With AI it's anyone's guess. They implement a paper in code flawlessly and make freshman level mistakes in the same run. so you have to engage in the non intuitive task of reviewing assuming total incompetence, for a machine that shows extreme competence. Sometimes.
AI signatures don't mean low quality, they just mean AI. And humans do use them (I have always used the common AI signatures). And yes, humans produce good-looking garbage, but much more commonly they produce bad-looking garbage. This is all tangential to the point.
It is valuable to have this, because it the work passes the first check then it easier to identify the actual problems. Same reason we have code quality, lint style fixed before reasoning with the actual logic being written.

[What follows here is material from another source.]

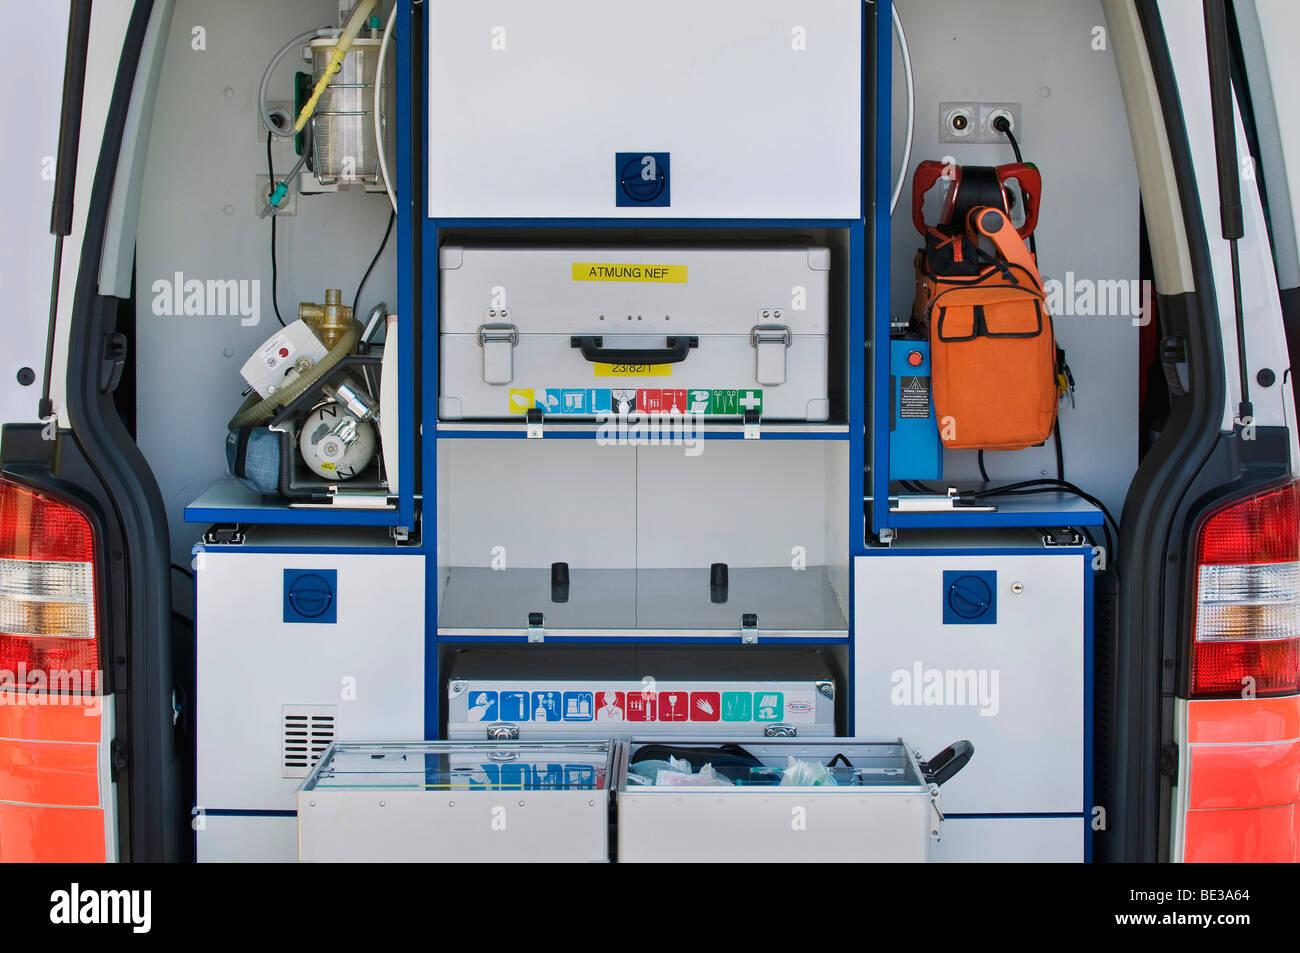 L'intérieur d'une ambulance, des médicaments et des machines, à portée de main Photo Stock

This is especially true if we start to see more of a split in usage between LLMs based on cost. High quality frontier models might produce better work at a higher cost, but there is also economic cost pressure from the bottom. And just like with human consultants or employees, you’ll pay more for higher quality work.
I’m not quite sure what I’m trying to argue here. But the idea that an LLM won’t produce a low quality report just seemed silly to me.
Working in a team isn’t adversarial, if i’m reviewing my colleague’s PR they are not trying to skirt around a feature, or cheat on tests.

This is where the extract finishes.